§ **Work task**
Without the pictures, set down every line of the data exactly.

--- Data below ---

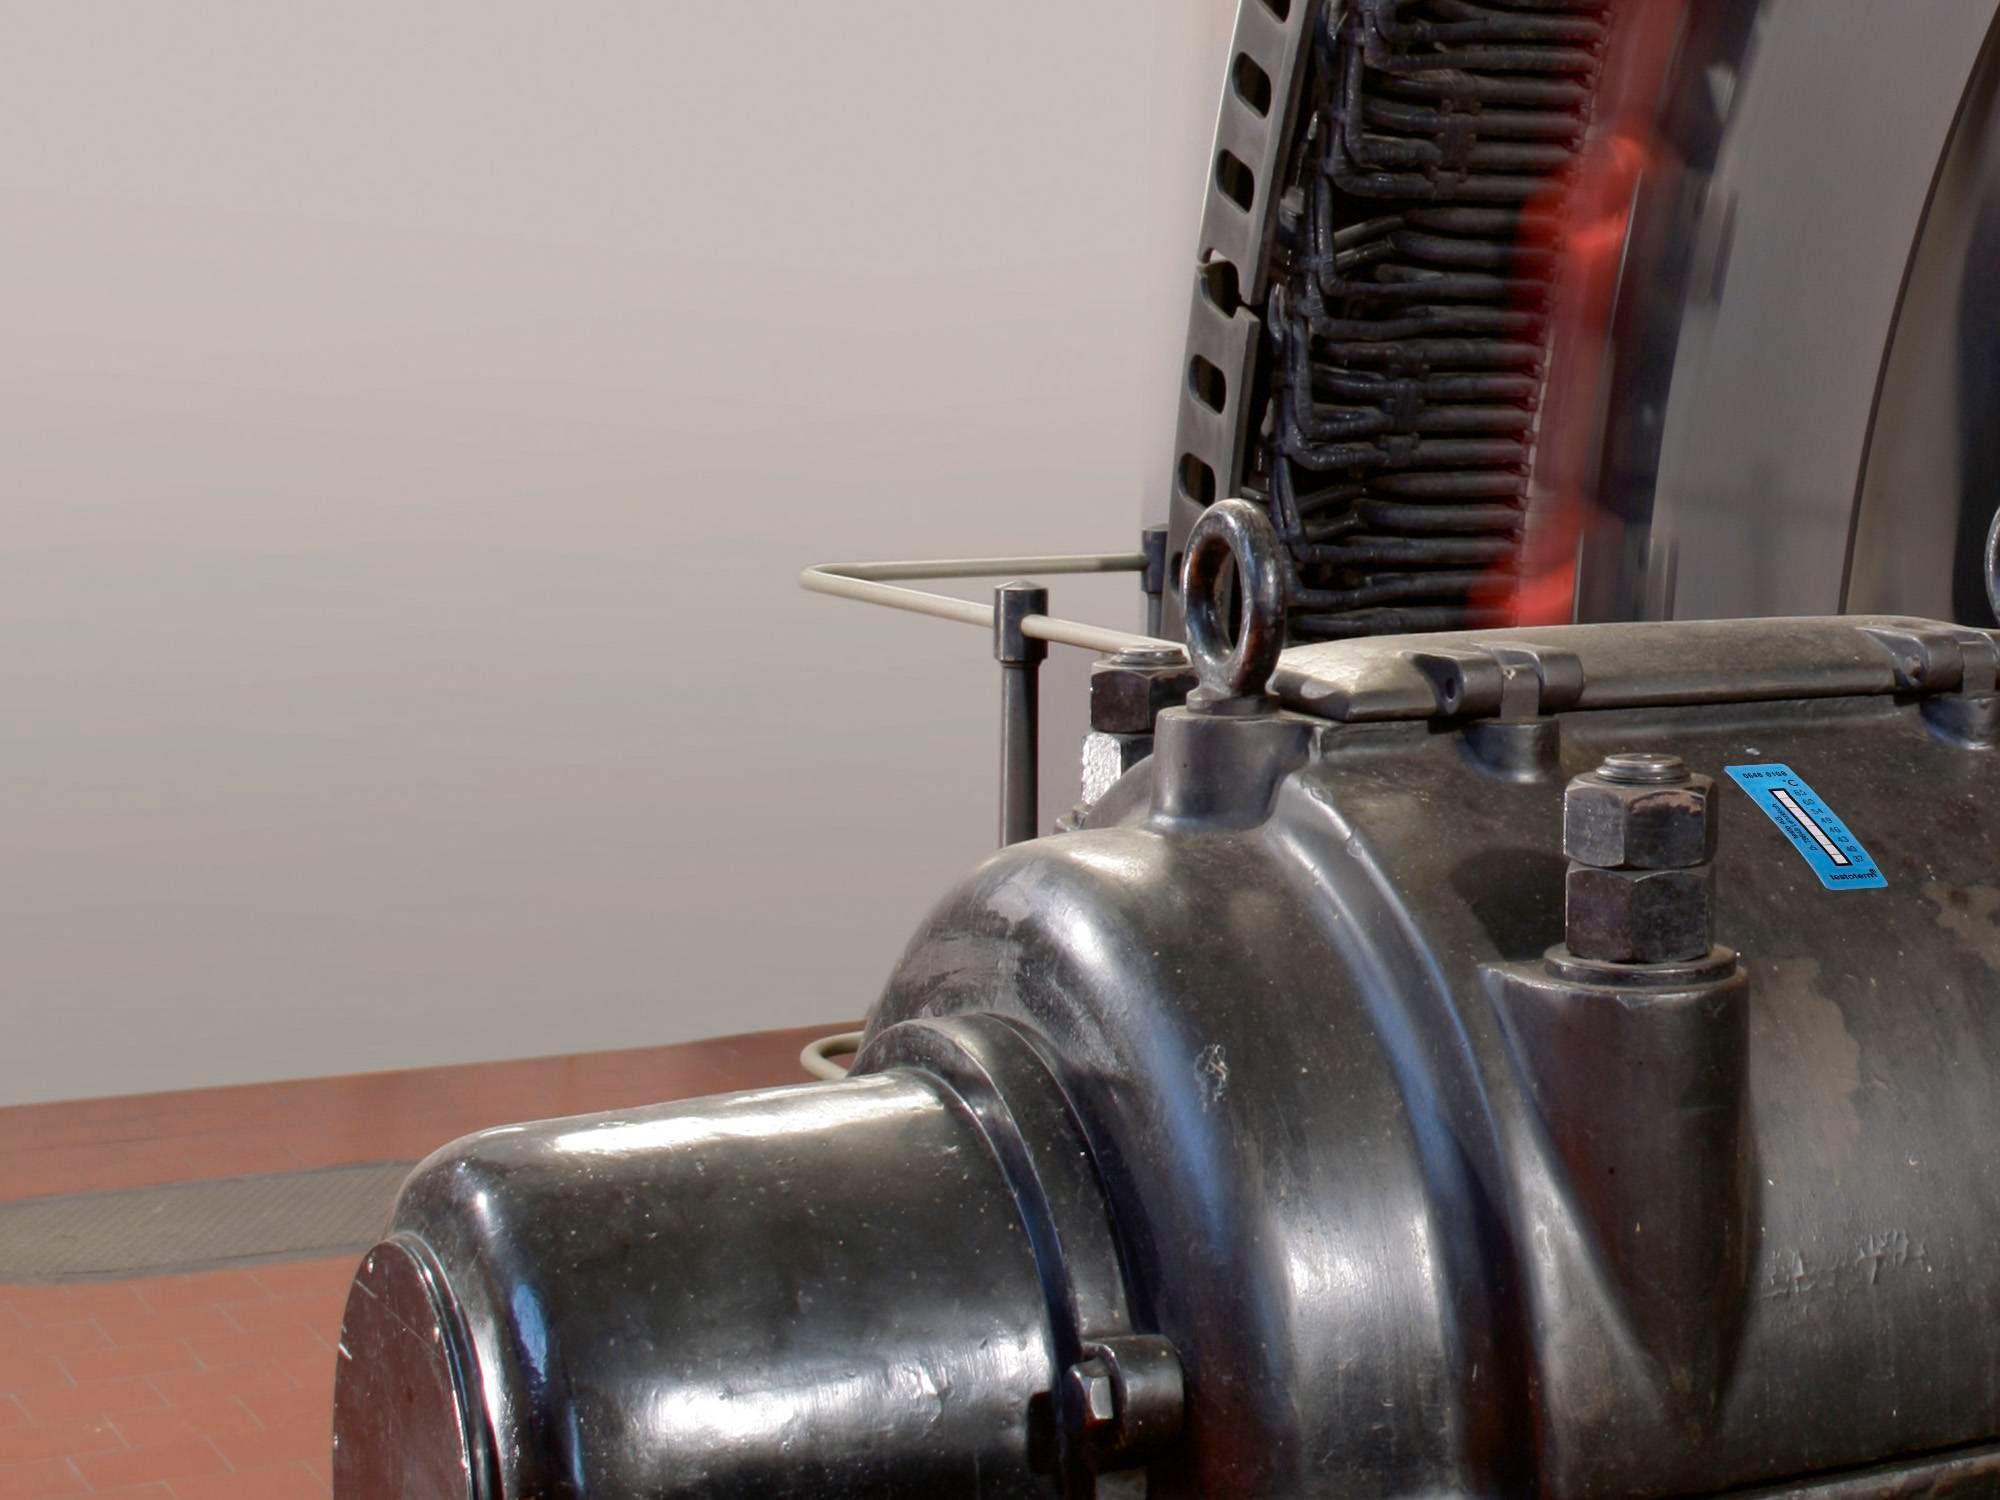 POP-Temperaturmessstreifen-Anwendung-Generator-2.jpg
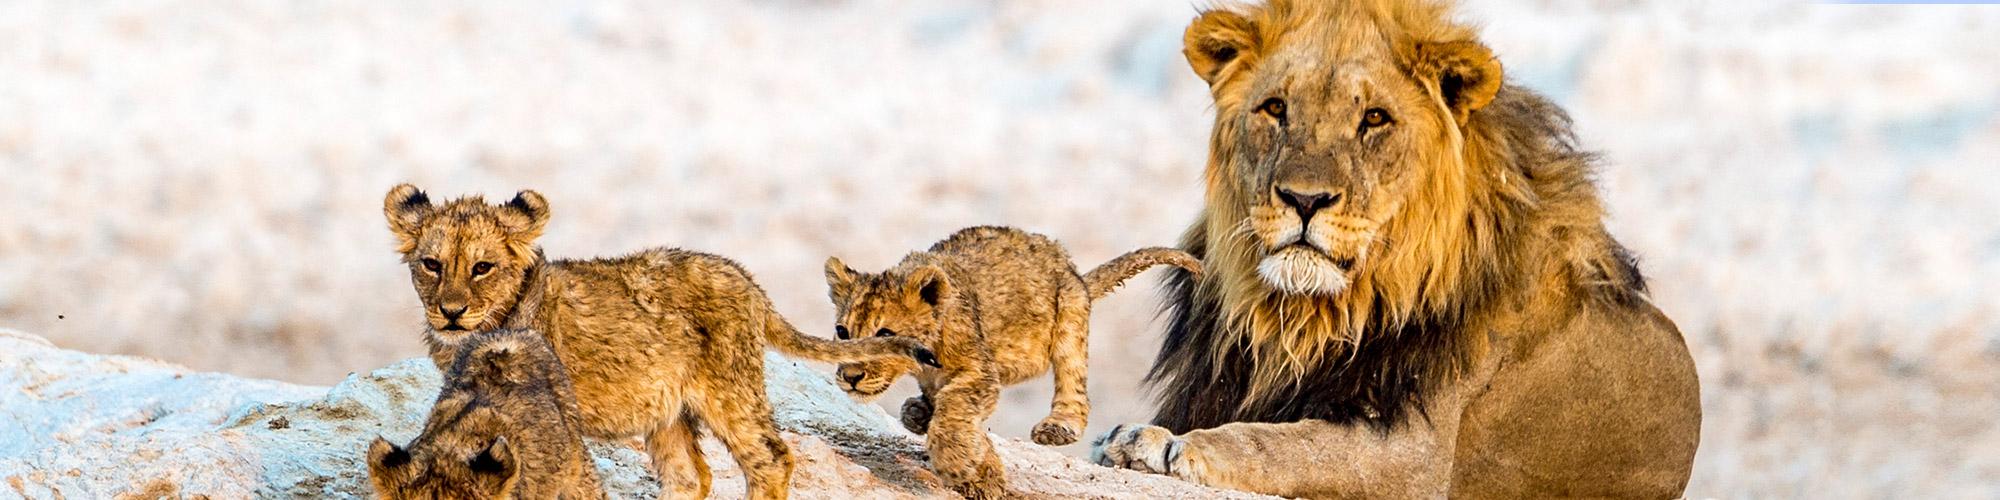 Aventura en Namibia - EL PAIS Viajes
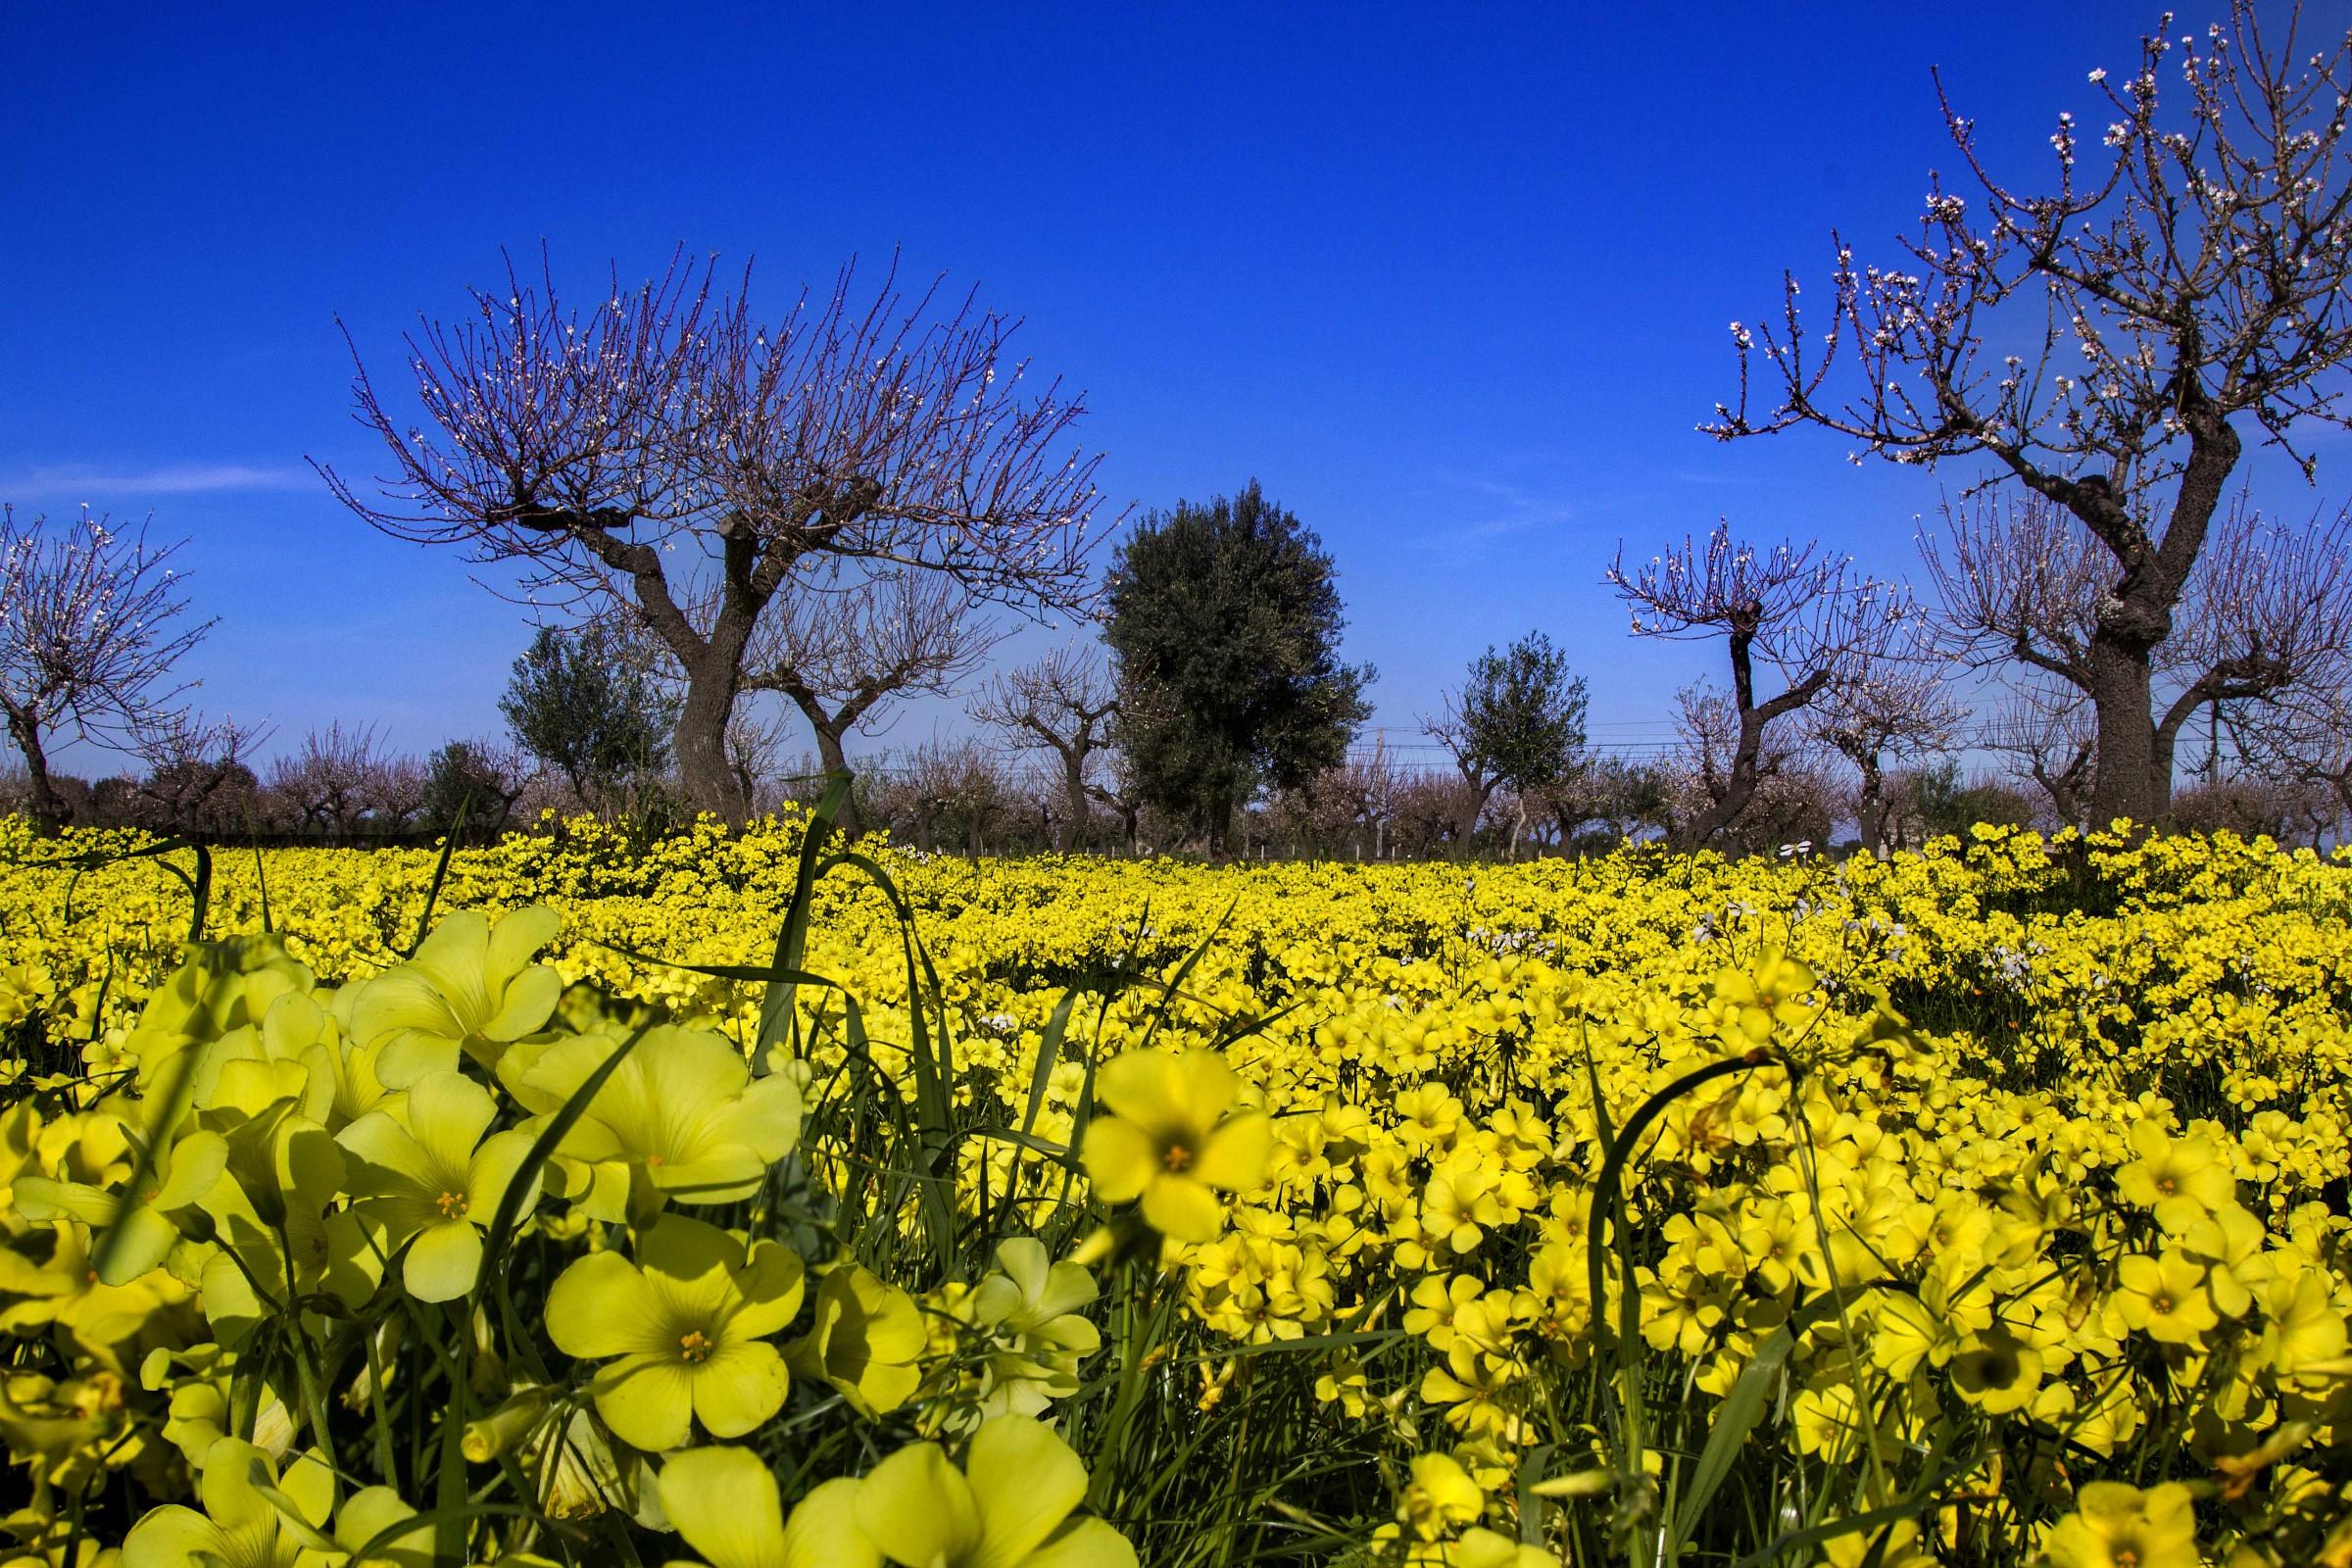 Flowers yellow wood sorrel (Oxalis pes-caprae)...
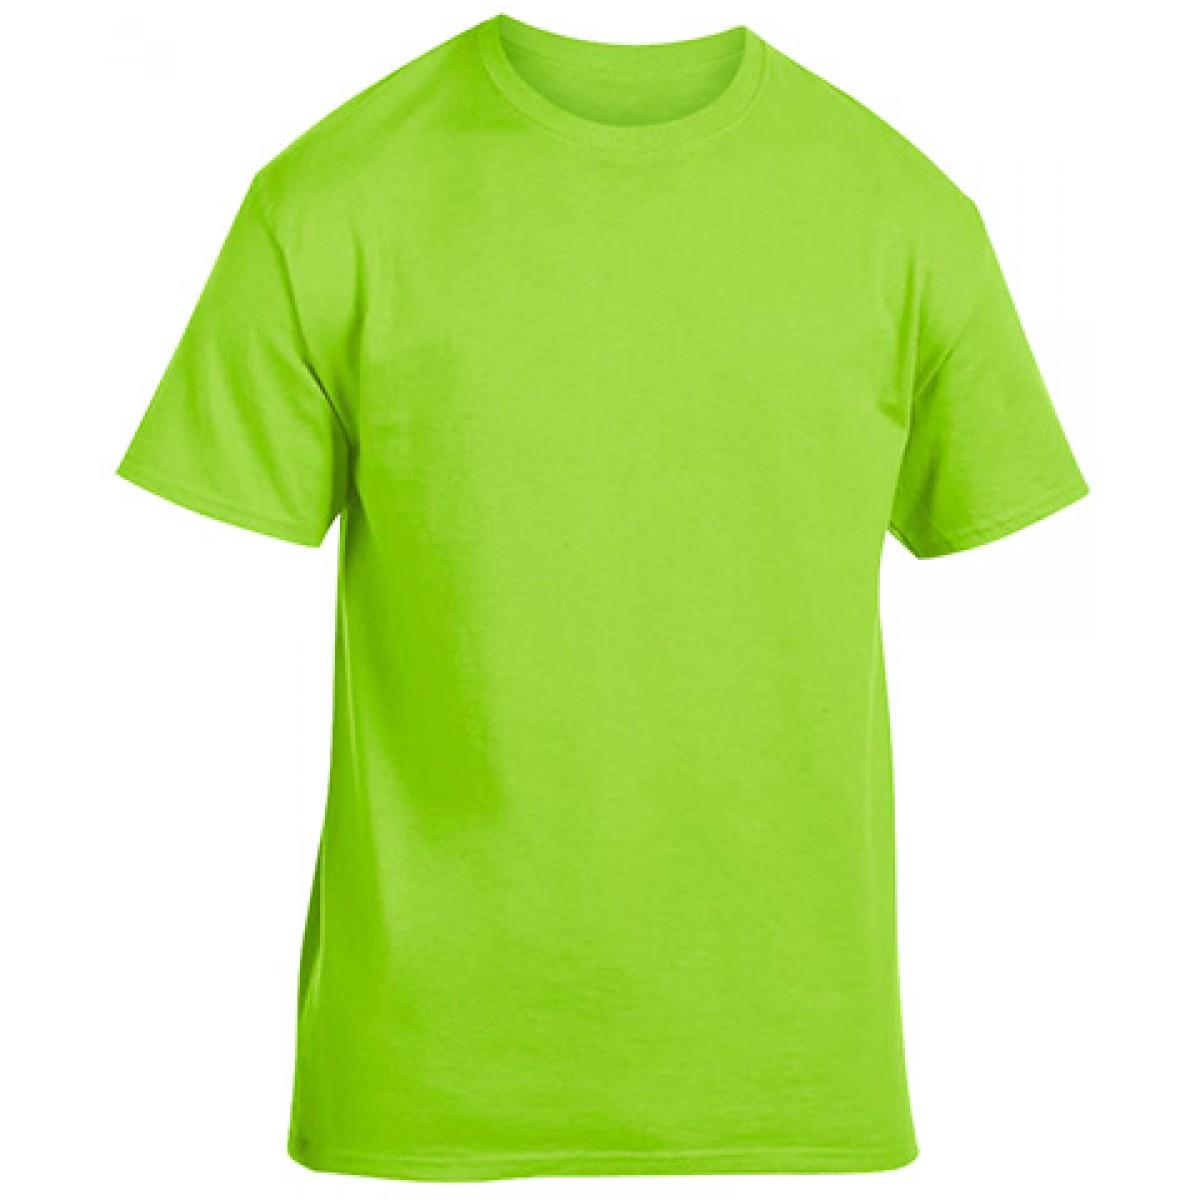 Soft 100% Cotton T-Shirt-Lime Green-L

---

§ **Result of the exercise**
 POP-Temperaturmessstreifen-Anwendung-Generator-2.jpg
 Aventura en Namibia - EL PAIS Viajes
 Flowers yellow wood sorrel (Oxalis pes-caprae)...
 Soft 100% Cotton T-Shirt-Lime Green-L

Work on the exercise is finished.